### [Prompt]
All pictures are to be excluded when the data below is output verbatim.

### [Provided material]
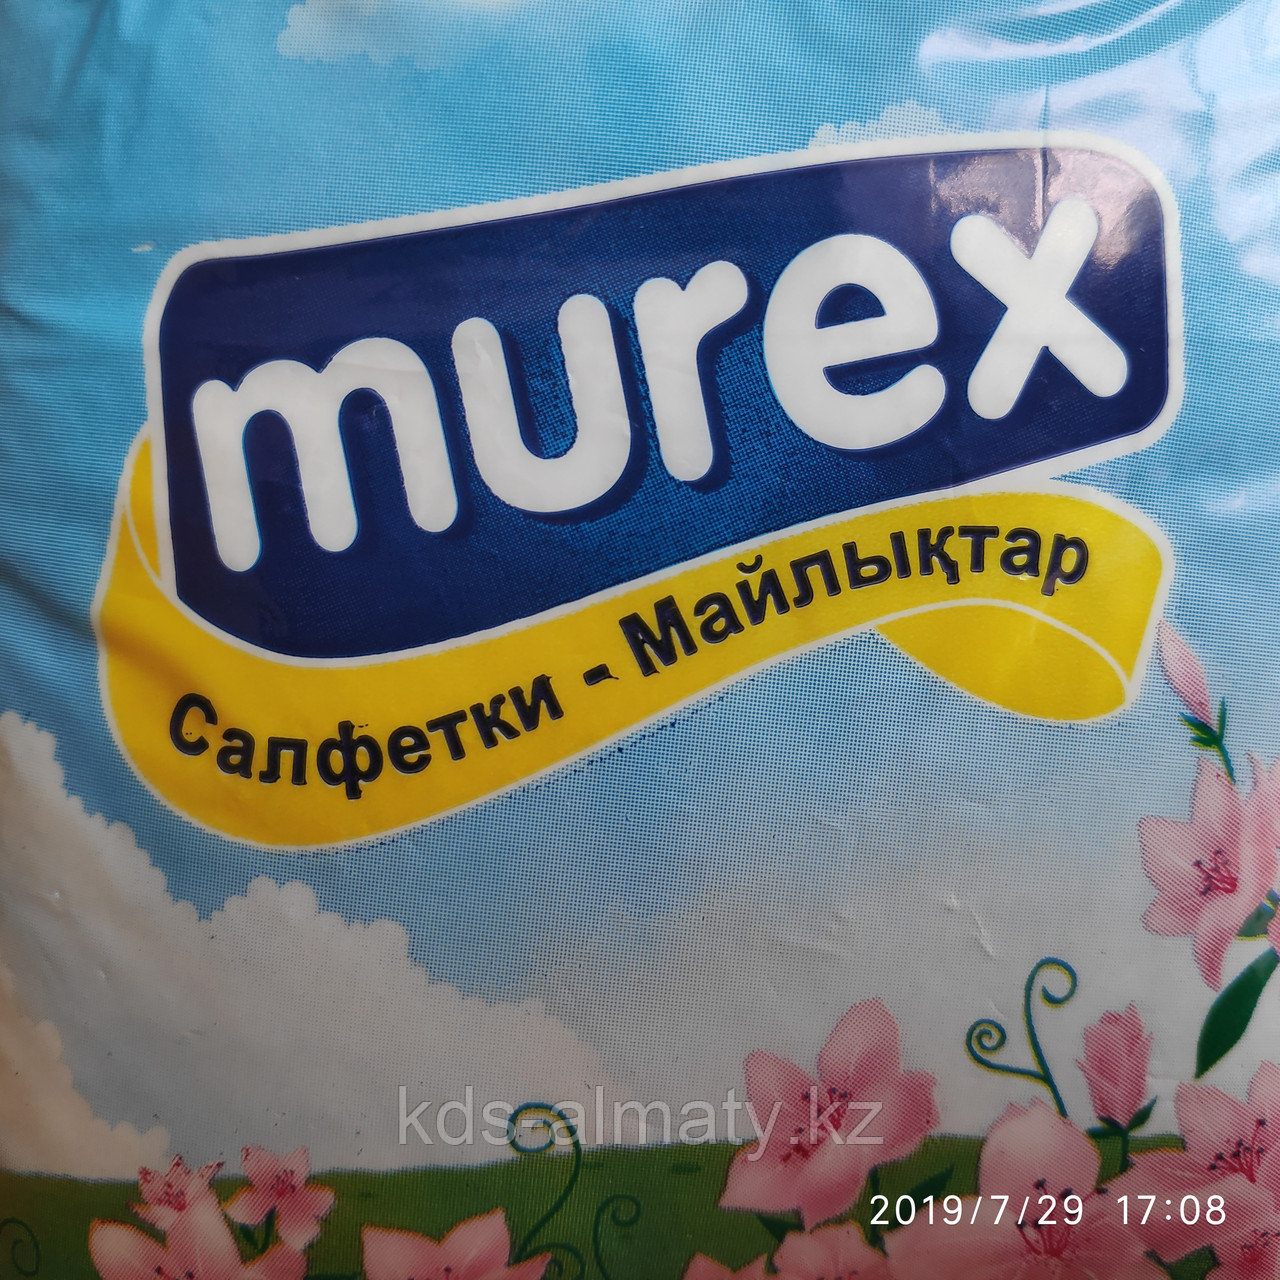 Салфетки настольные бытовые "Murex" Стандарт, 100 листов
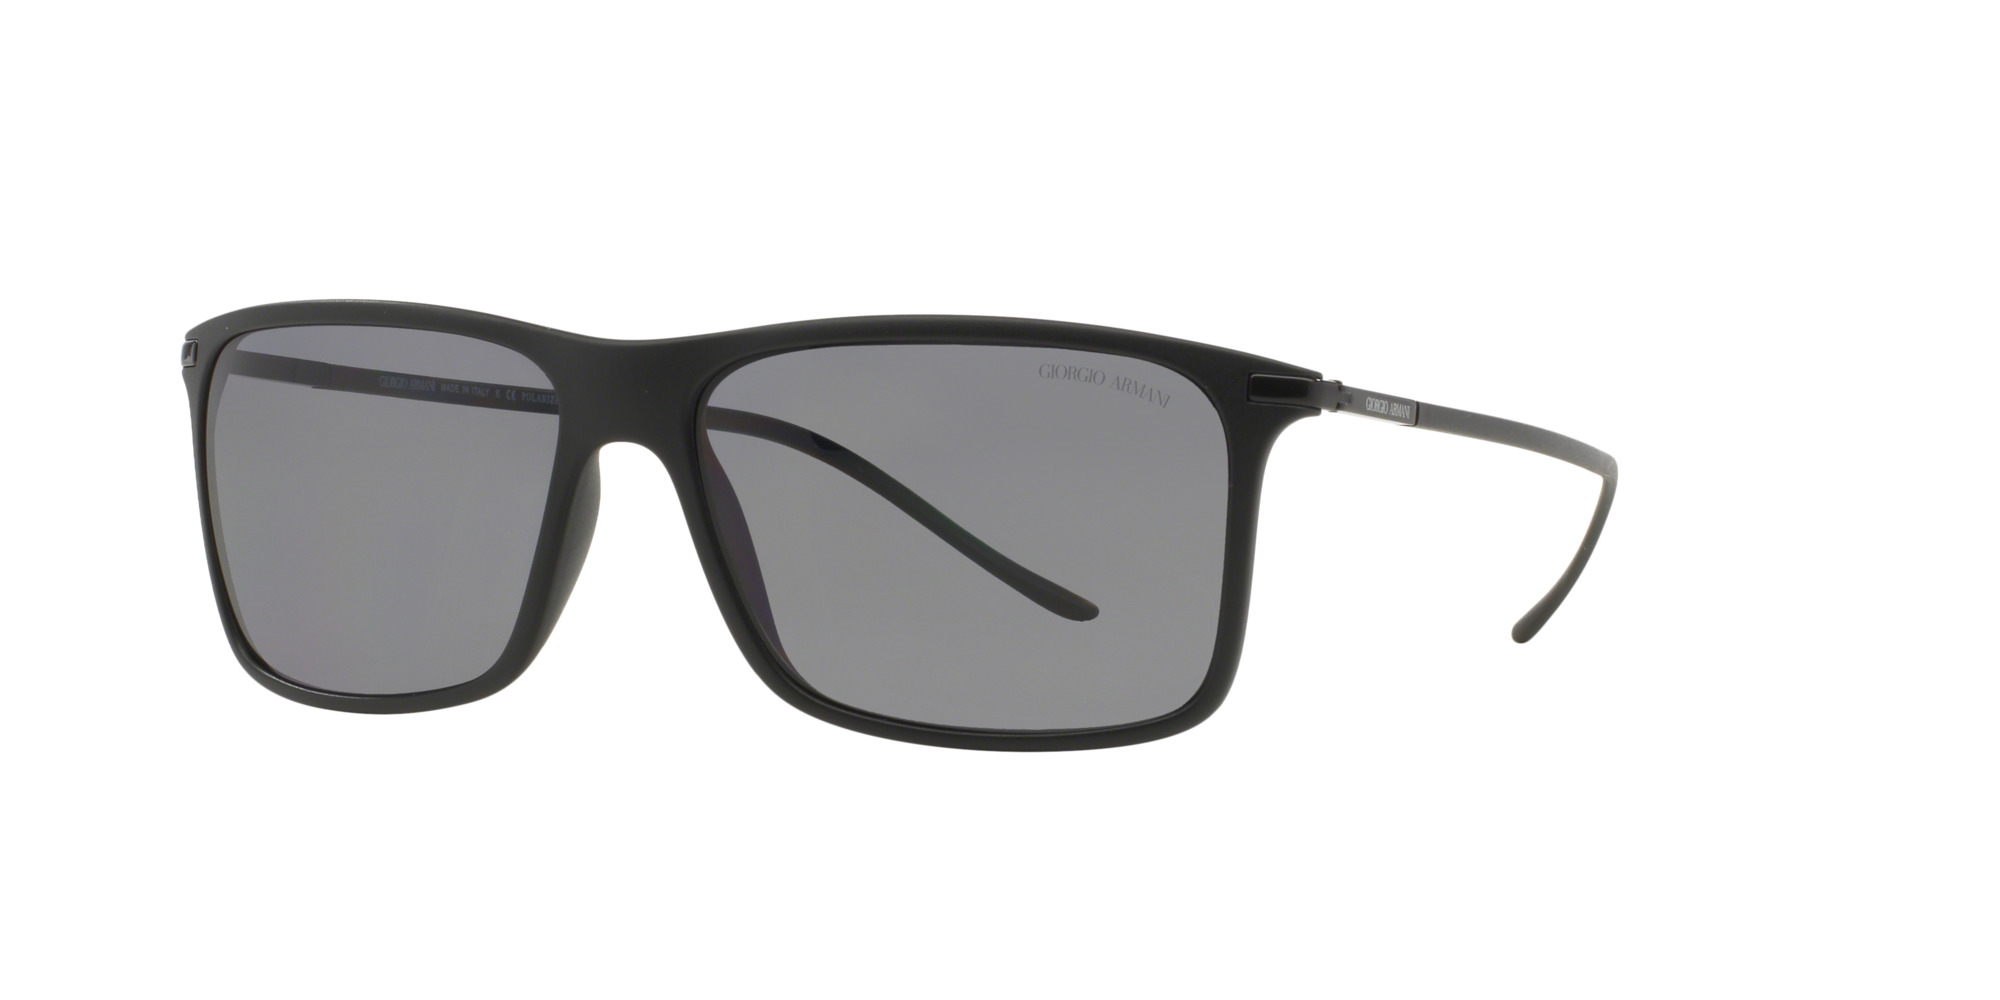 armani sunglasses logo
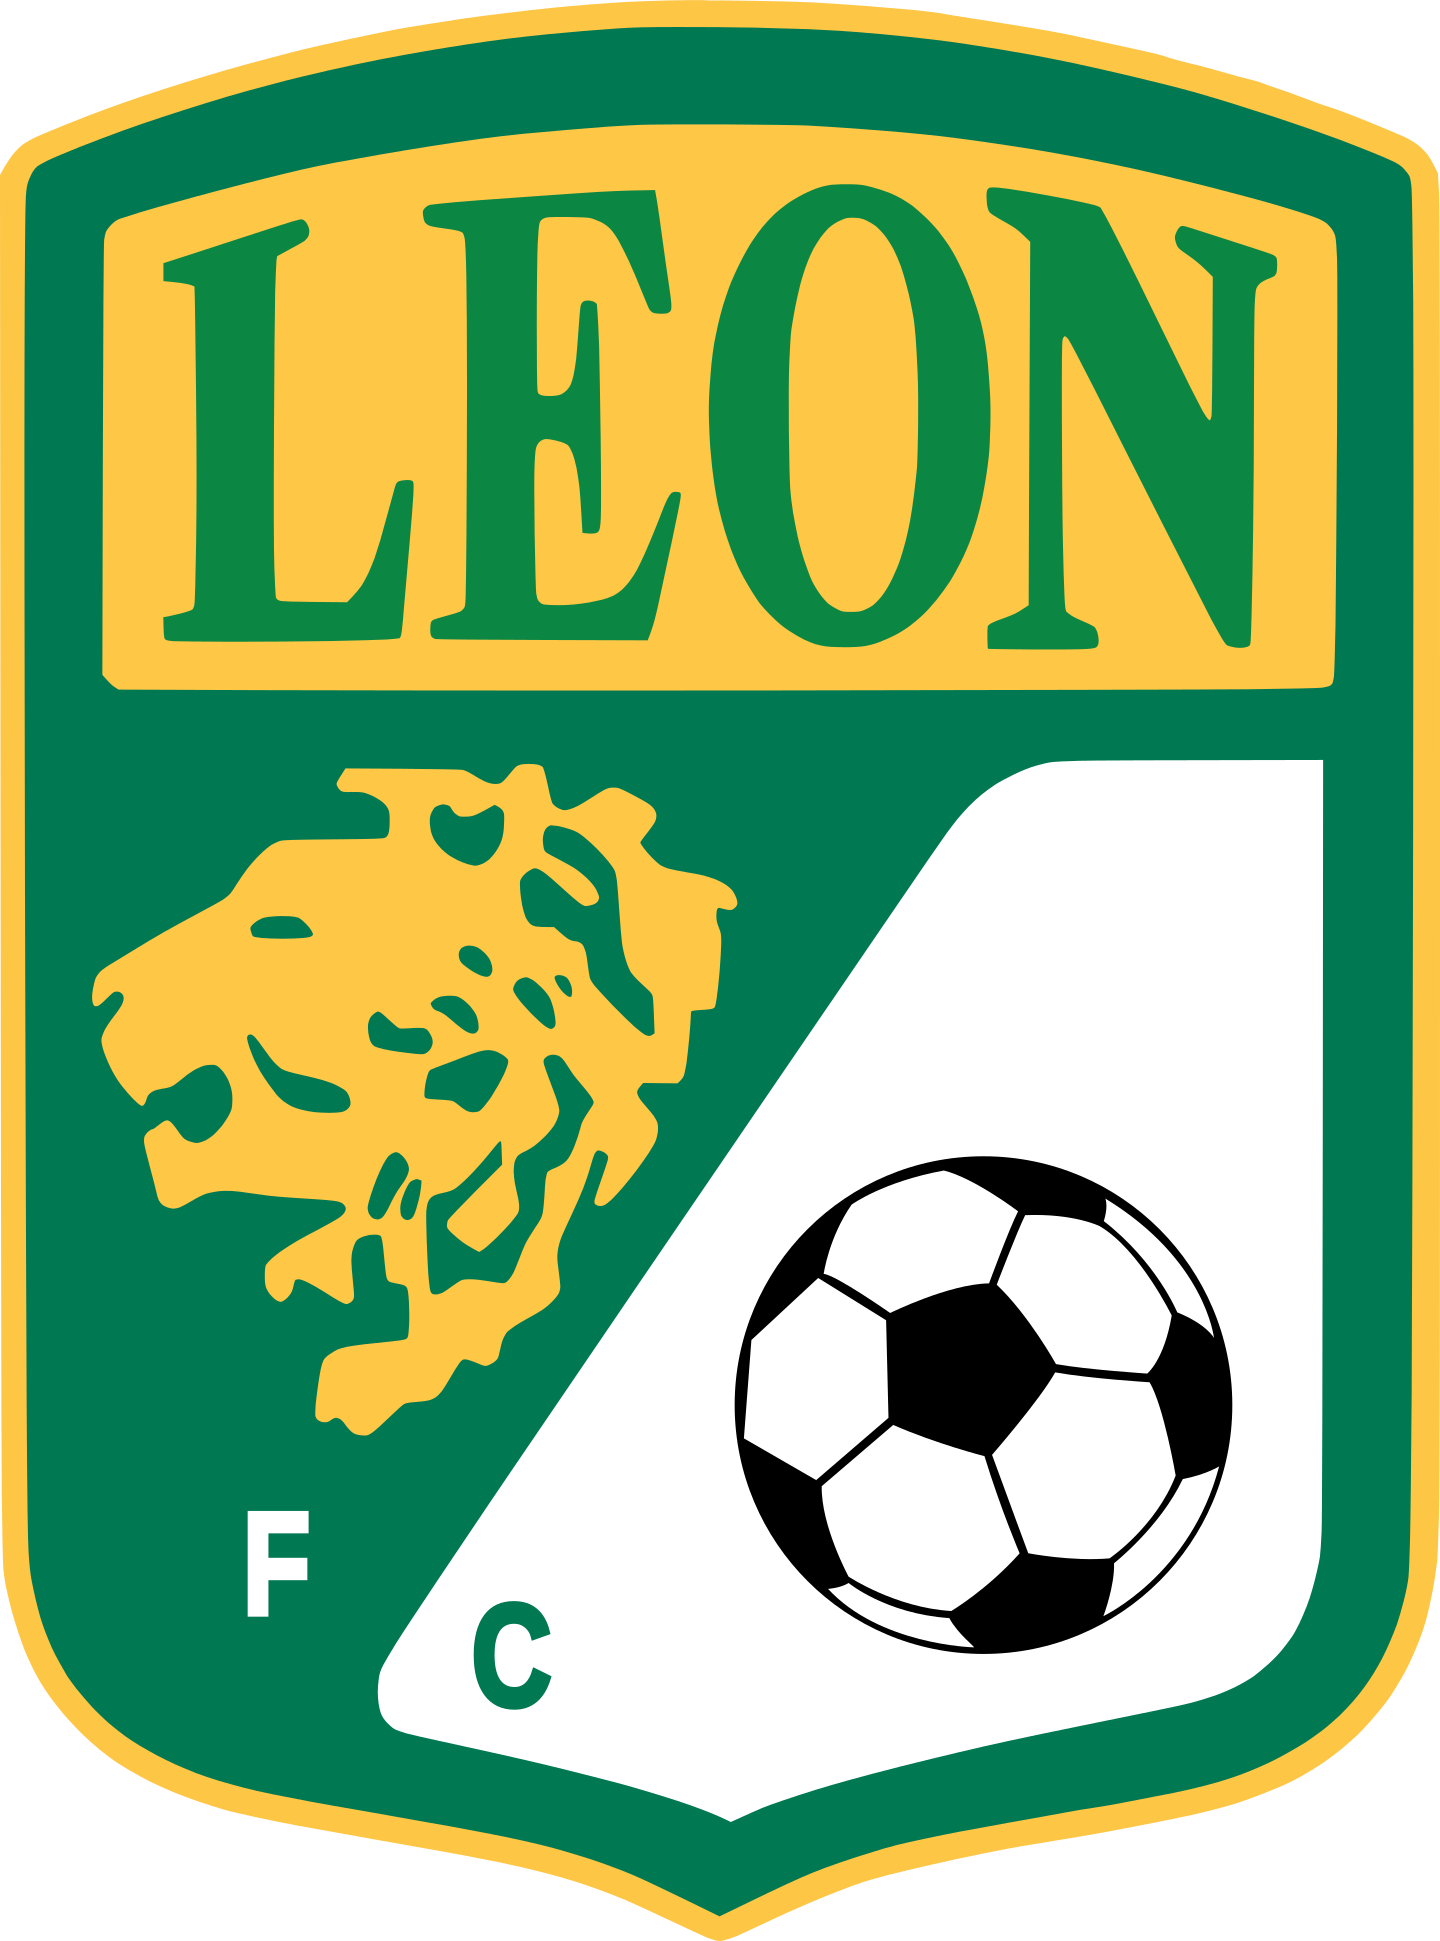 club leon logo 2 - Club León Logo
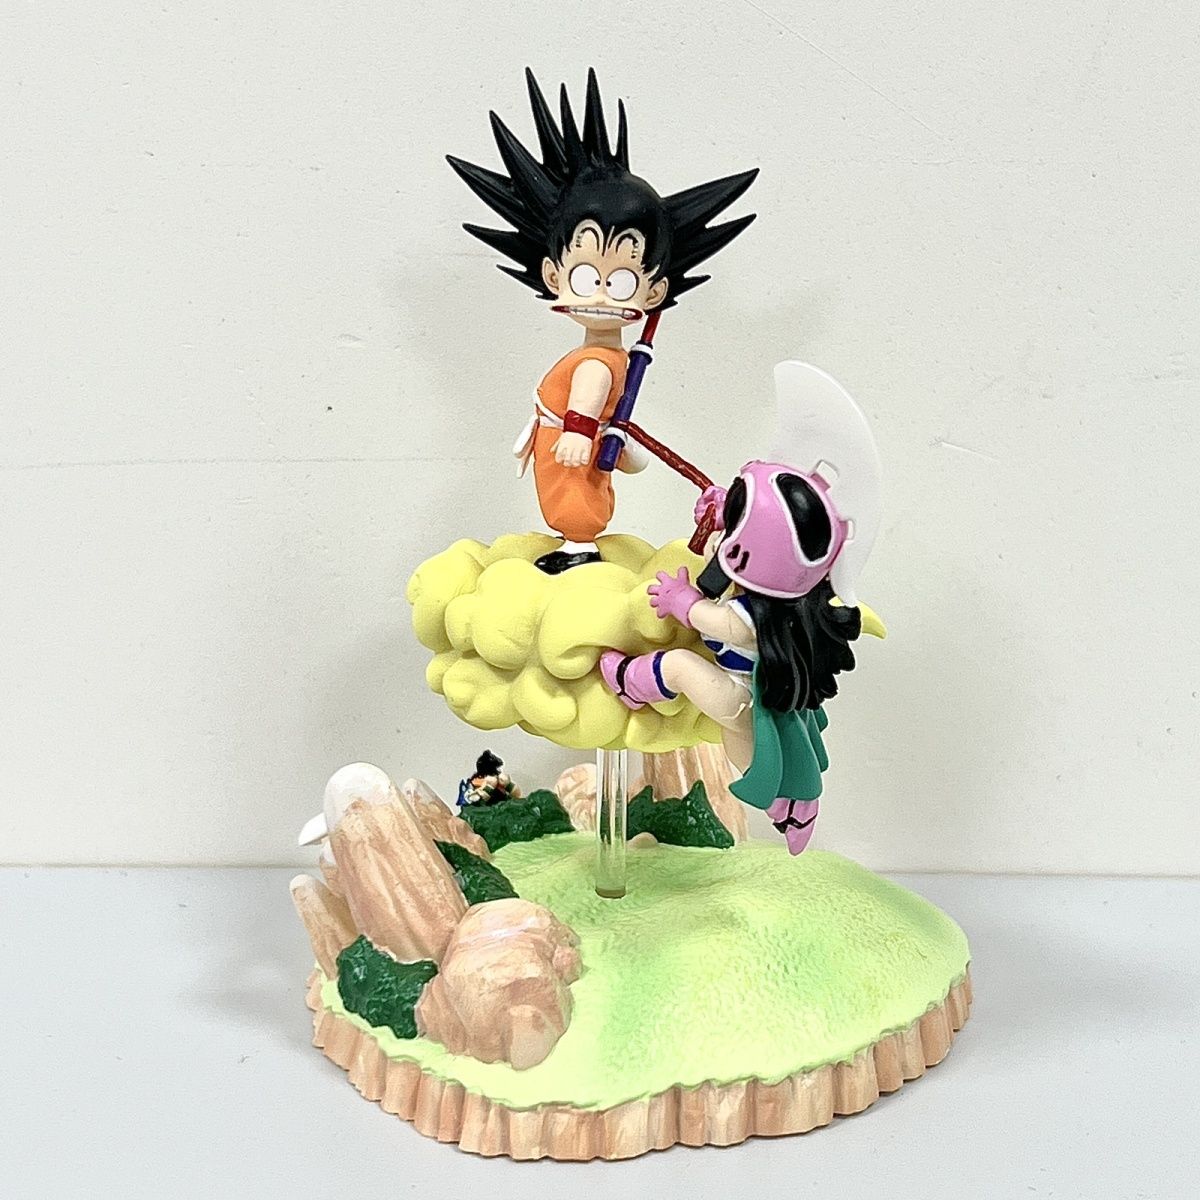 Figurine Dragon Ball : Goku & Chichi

### [Solved exercise]
 Салфетки настольные бытовые "Murex" Стандарт, 100 листов
 armani sunglasses logo
 club leon logo 2 - Club León Logo
 Figurine Dragon Ball : Goku & Chichi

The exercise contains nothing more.